Although the study has a number of limitations because of the small number of patients, the short follow-up and design, and not being double-blind randomized, it also has results that encourage treatment with nebivolol associated with anthracyclines.

Conclusion

The results of this study reveal the usefulness of new echocardiographic imaging methods, such as TDI and STI in the early recognition screening of cardiac dysfunction induced by cytostatic treatment.

Longitudinal and radial ventricular strain and strain parameters can be used in clinical practice to identify patients at risk of developing irreversible cardiotoxicity under anthracycline therapy.
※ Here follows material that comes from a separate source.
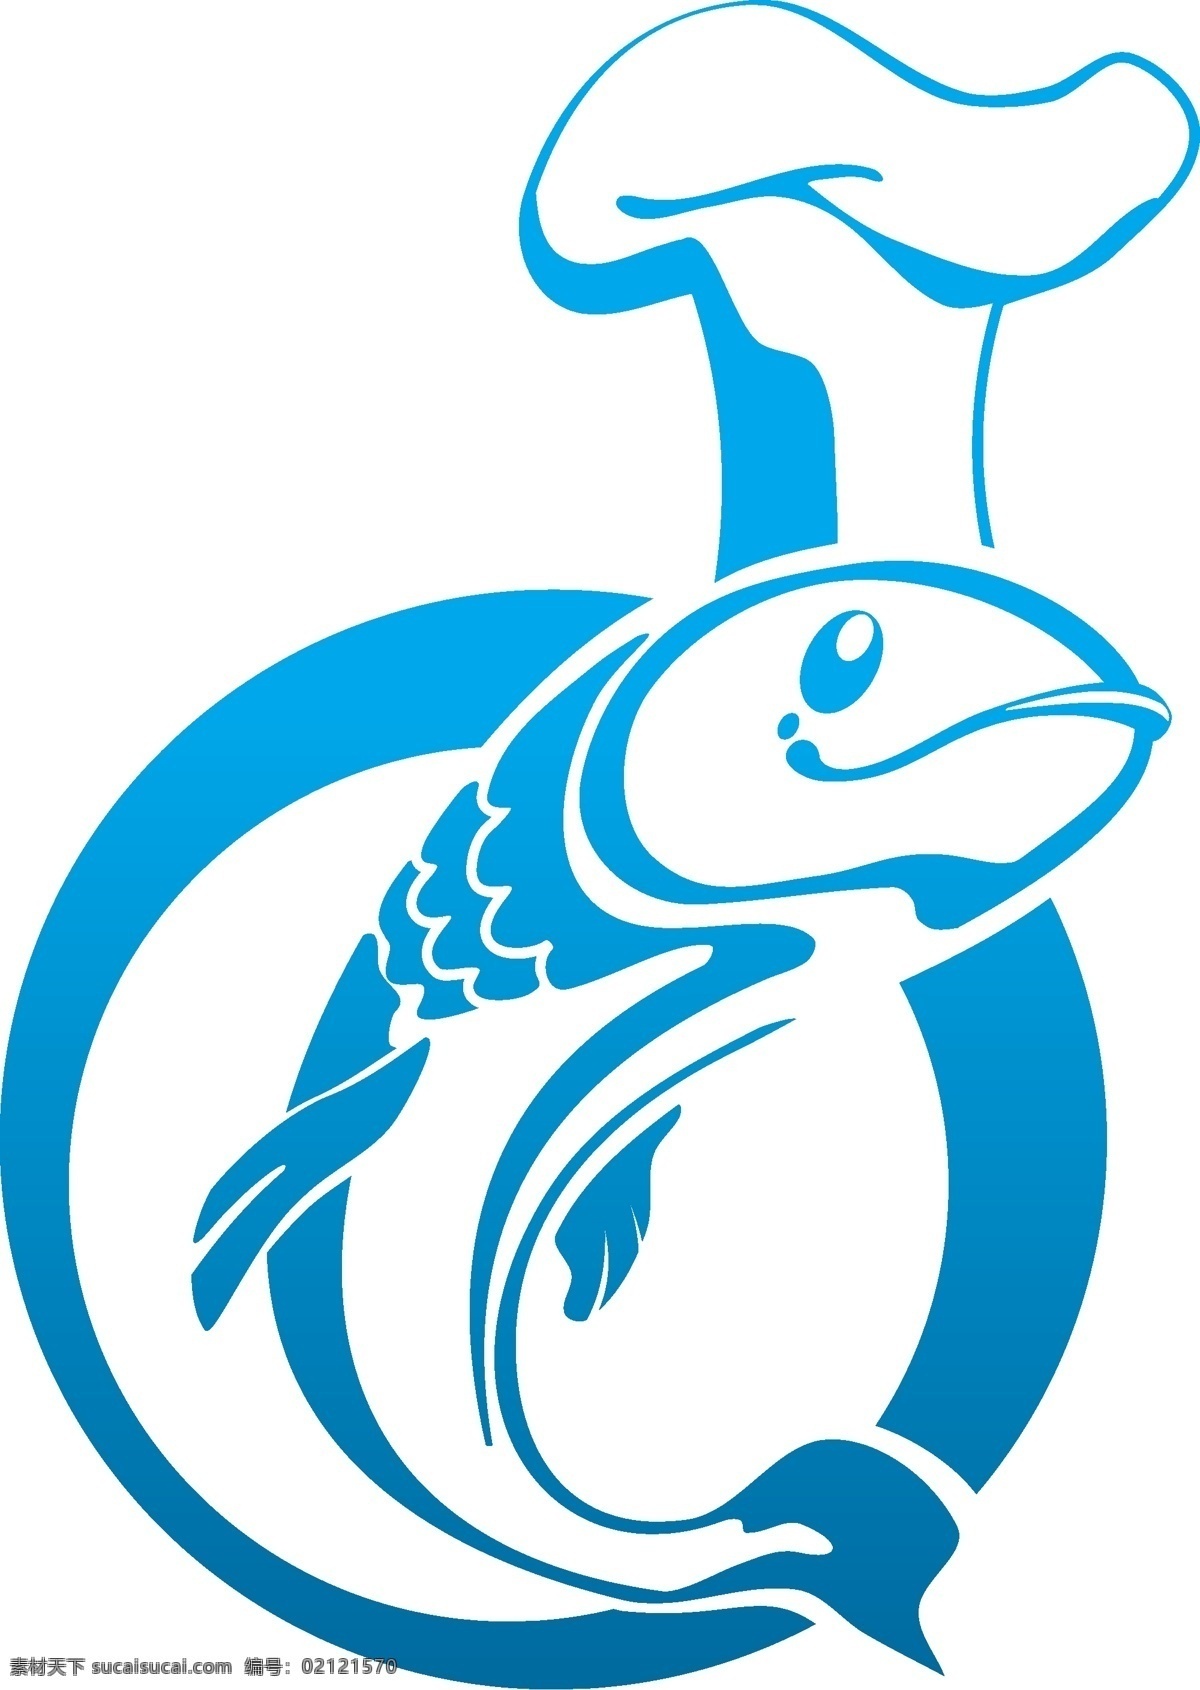 鱼图标 动物 鱼 鱼图形 手绘 厨师 创意鱼图案 logo标识 图标 矢量素材 标志图标 网页小图标

Adrenergic beta-blocking therapy associated with chemotherapy appears to have cardioprotective effects, but more patients and longer follow-up durations are needed to confirm these preliminary results.

Author contributions

All authors made substantial contributions to conception and design, acquisition of data, or analysis and interpretation of data; took part in drafting the article or revising it critically for important intellectual content; gave final approval of the version to be published; and agree to be accountable for all aspects of the work.

Disclosure

The authors report no conflicts of interest in this work.